- Armiger: Wakefield Metropolitan District Council
- Adopted: 1990
- Motto: Persevere and prosper

= Coat of arms of Wakefield =

The Coat of arms of the Wakefield District was granted in 1990. Between 1974 and 1990, the council did not have arms that represented its governance of the expanded metropolitan district of the City of Wakefield, and used the arms of the County Borough of Wakefield. Arms had been granted to the district's constituent city and towns, (Wakefield, Castleford, Horbury, Knottingley, Ossett and Pontefract) but an application to the College of Arms was made for a unifying achievement.

The shield of the arms has a background of black and gold. The black represents the coal mining industry that was once widespread and important to the district. In the top, left of the shield is the arms of the city of Wakefield. The mural crowns signify Wakefield's important role in governance for the surrounding area.

The compartment shows thirteen acorns which represent the thirteen former local government areas of the West Riding of Yorkshire that merged to form the metropolitan district in 1974. Beneath the compartment is a motto, "Persevere and prosper".

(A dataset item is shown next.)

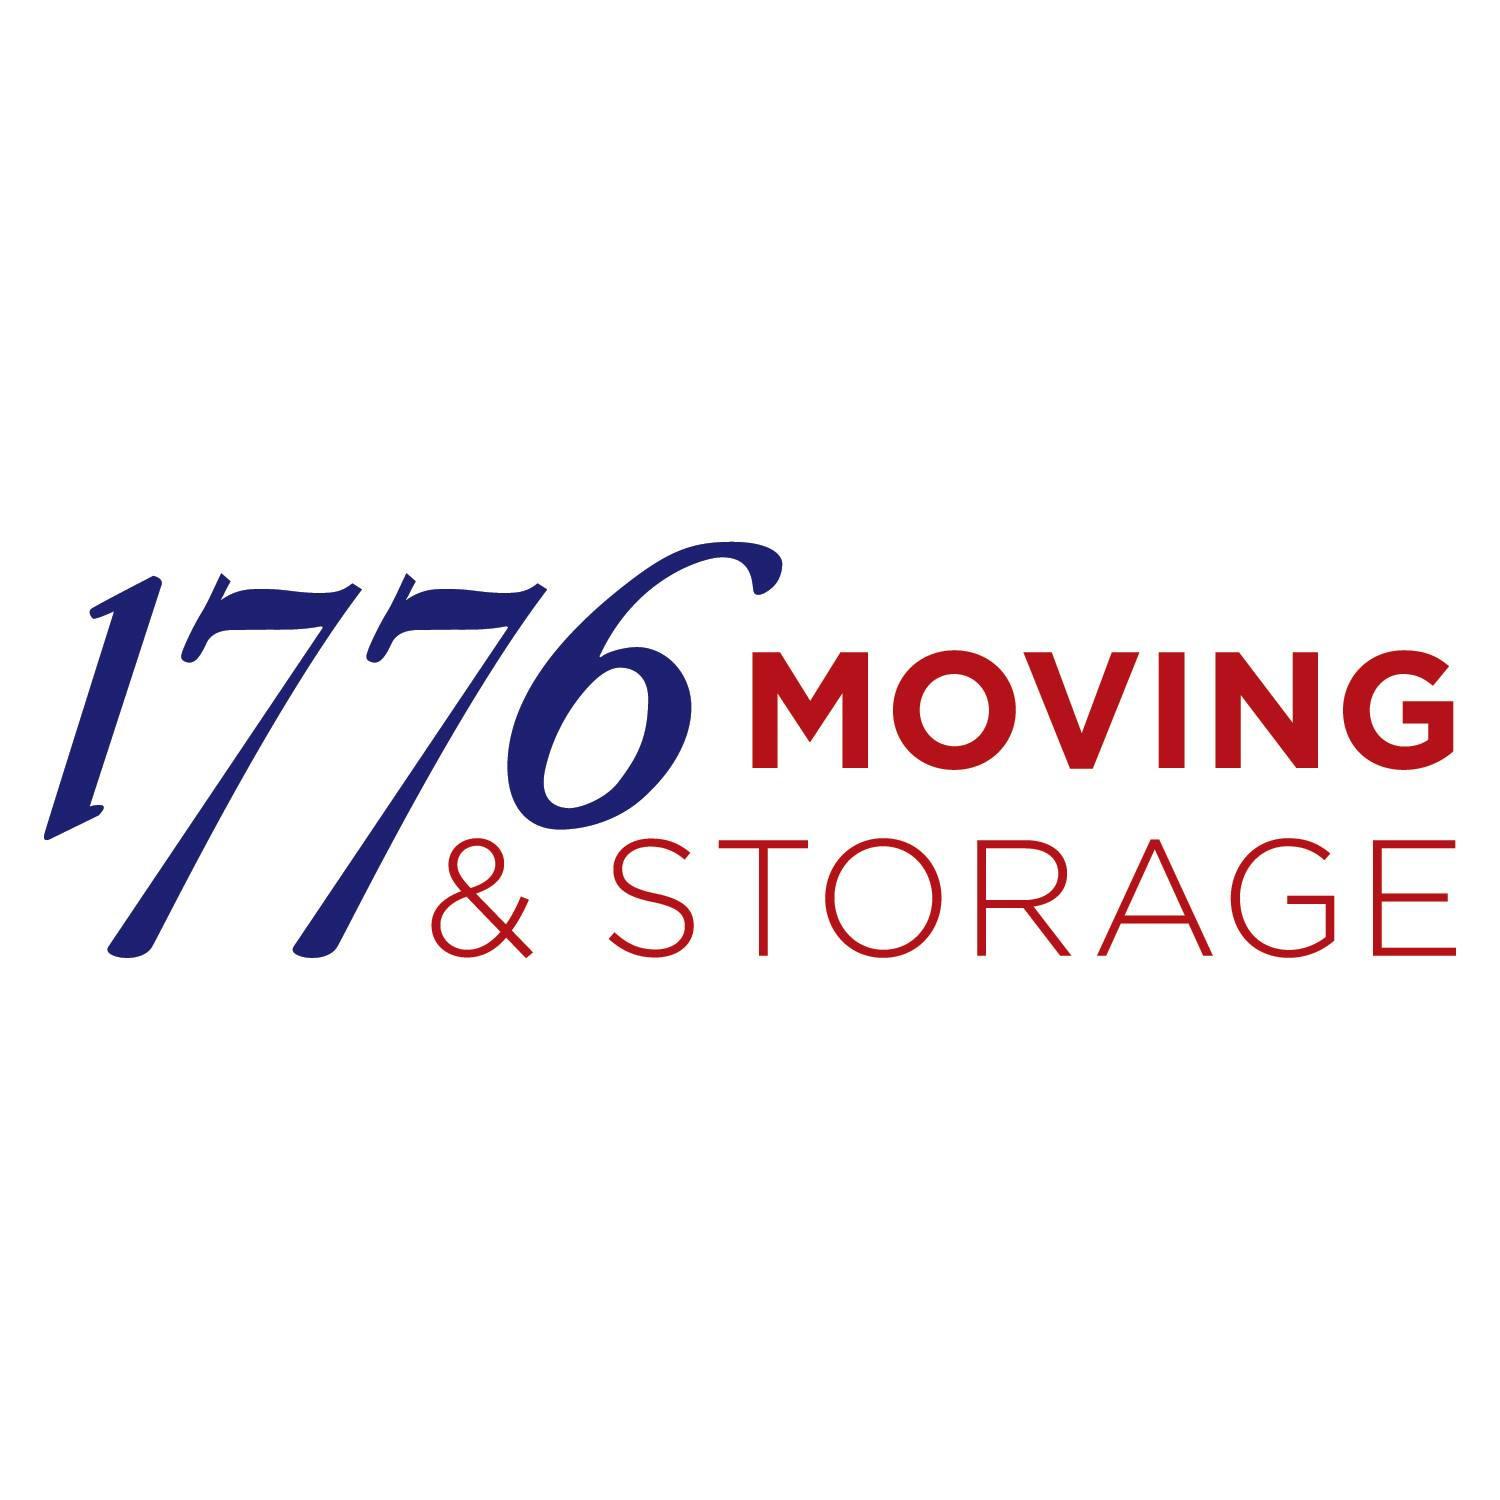 1776 Moving and Storage, Inc - Orlando, FL 32811 - (407)251-4770 | ShowMeLocal.com

==Arms of the County Borough Council==

Arms of the former Wakefield City and County Borough Council

The arms used before 1990 had been used in Wakefield for over 500 years. The arms had the simple blazon of "Azure, a fleur-de-lys Or". Despite its history, arms were not officially granted until 1932 when the ermine fimbriation was added. Consequently, the blazon became "Azure, a fleur-de-lys Or fimbriated Ermine".